Grammarly Authorship report
Grammarly
A better way to detect AI: Work with the student
So how do you fight AI? Teachers say that the best way to tell if a student is cheating using AI is to understand the student, and their work. And when in doubt, ask them to prove it.
“The simple solution was take out a piece of paper, and ask them to show me how you are solving this,” Vacca said. “That killed [the issue of] a lot of the students cheating.
“They’ve tried things like dumbing down their answers, but it’s still easy enough to detect that it’s not their exact writing,” Vacca added.
Perez agreed.
“When there is concern about unethical usage of AI in the classroom, we should do due diligence in our investigation,” she said. “First, we need to familiarize ourselves with each individual student’s writing. Second, we should compare the material we feel is AI generated with their initial writing so we can see if the grammar, sentence structure, and writing style are consistent with the students writing.
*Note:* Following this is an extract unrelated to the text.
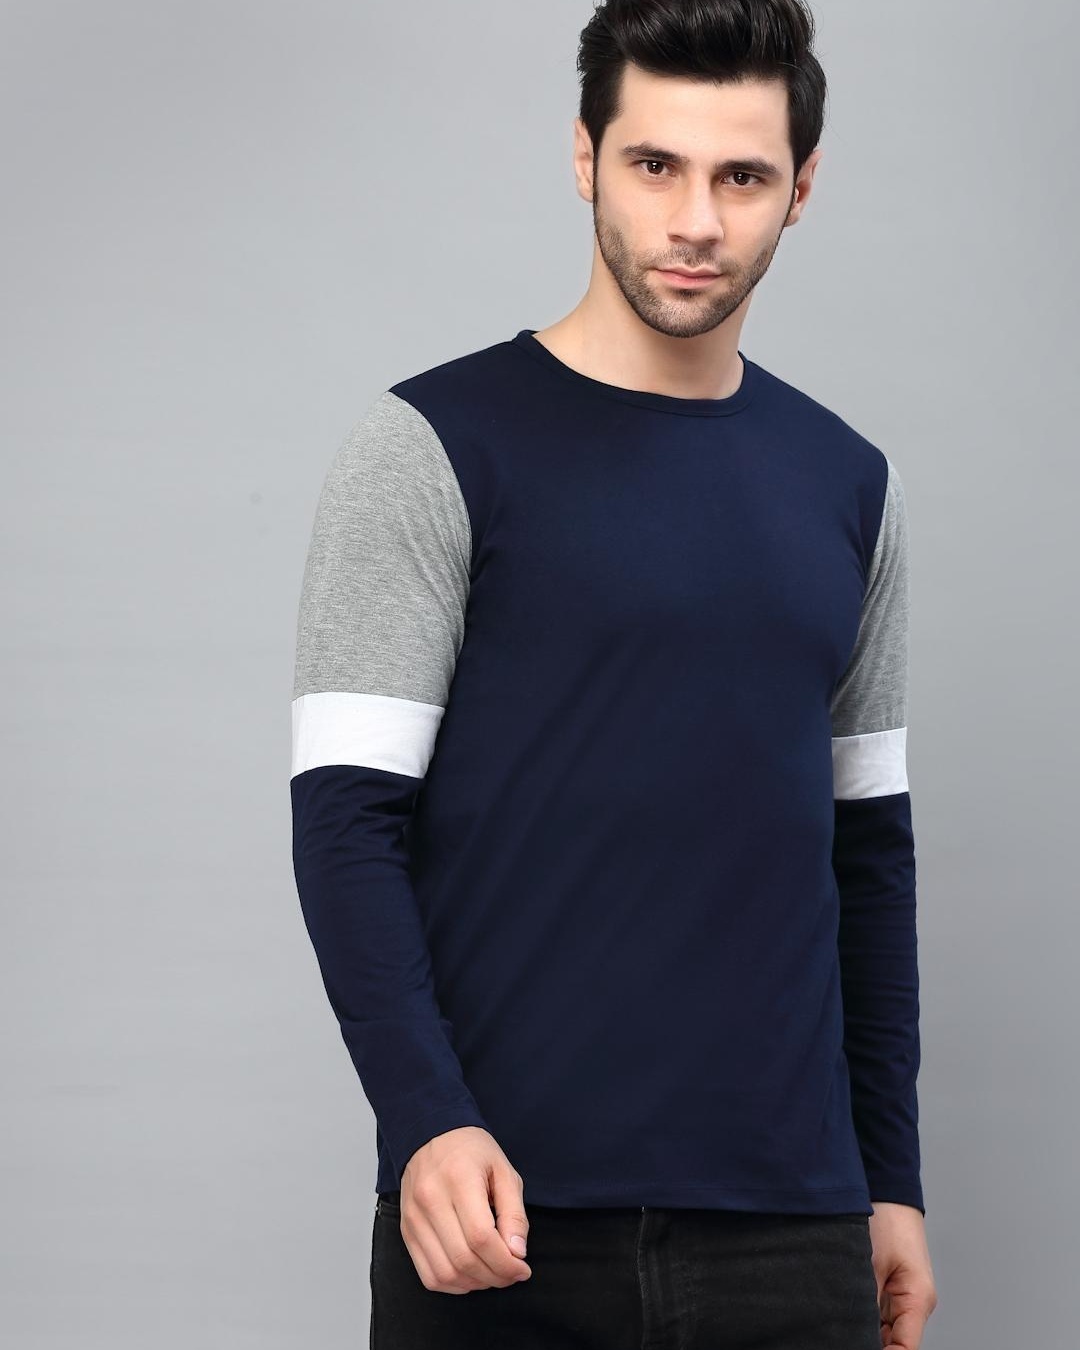 Buy Men's Blue and Grey Color Block Slim Fit T-shirt Online at Bewakoof
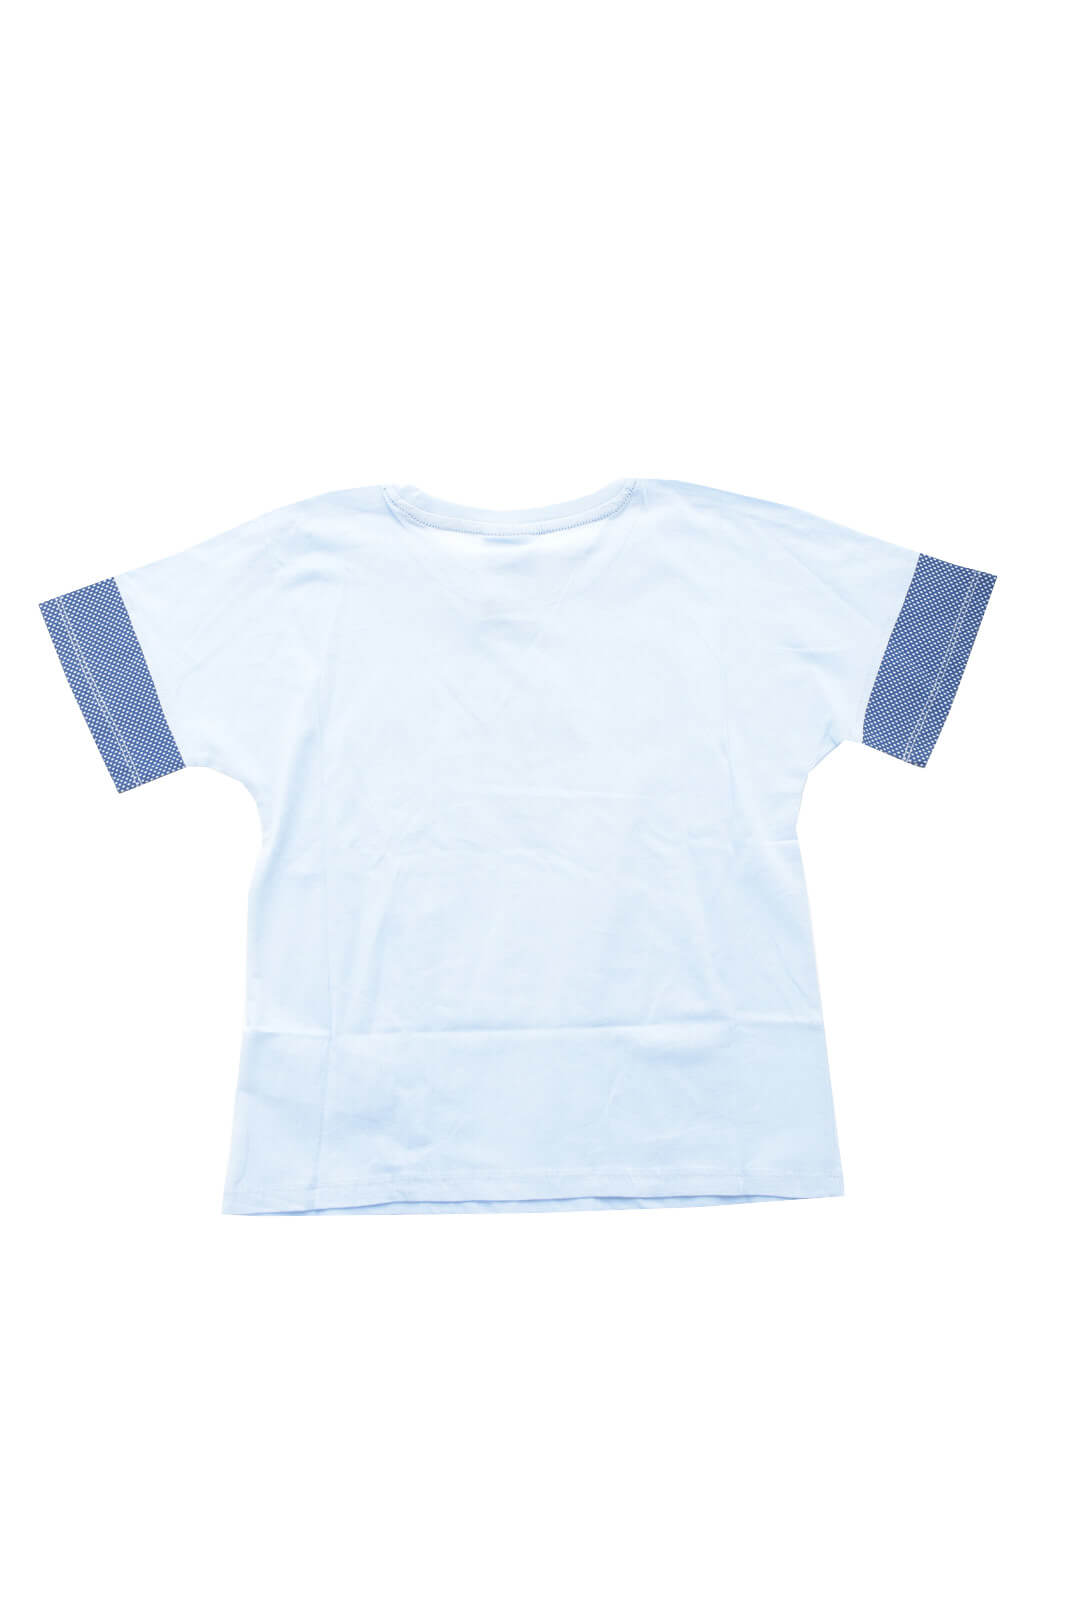 Diadora T Shirt bambina

Third, we need to either chat with the student face to face or through email so we can get their version of what occurred.”
teacher shaking hands with student
Pexels/ Yan Krukau
Perez said she read a student paper that an AI tool indicated had a 90 percent probability of being AI-generated content, and that sounded “very mechanical.” She emailed the student and asked for an explanation, and the student denied using AI. She then followed up via video.
“During the video call I asked the student to speak about the content of the paper, and they could not speak about the paper or the content of the course up until that point, which proved to me that the AI detection was correct,” Perez added. “I requested the student rewrite the paper in their own words, and they were reported to the university for further sanctions.”
Teachers that I spoke to said they don’t like being placed in an adversarial role, and would rather focus on what they do best: teaching.
Nathaniel Myers, an associate teaching professor at Notre Dame, said he’d rather create “a space where students feel comfortable being transparent, so that we can think through these things together.” SJSU’s Perez said a number of professors involved in Facebook groups tailored to AI in the classroom have reported mental health issues, and that it was demoralizing to see so much unethical AI use in the classroom, creating even less job satisfaction.
The pressure, though, falls on both teachers and their students, and both are also turning to AI to ease their burden.
“What you’re trying to do is pit AI versus AI,” Nitesh Chawla, a professor of computer science and engineering at Notre Dame, said. “One AI is creating content. The other AI is trying to detect if some other AI created that content. You’re pitting them against each other. I don’t even know what that means!”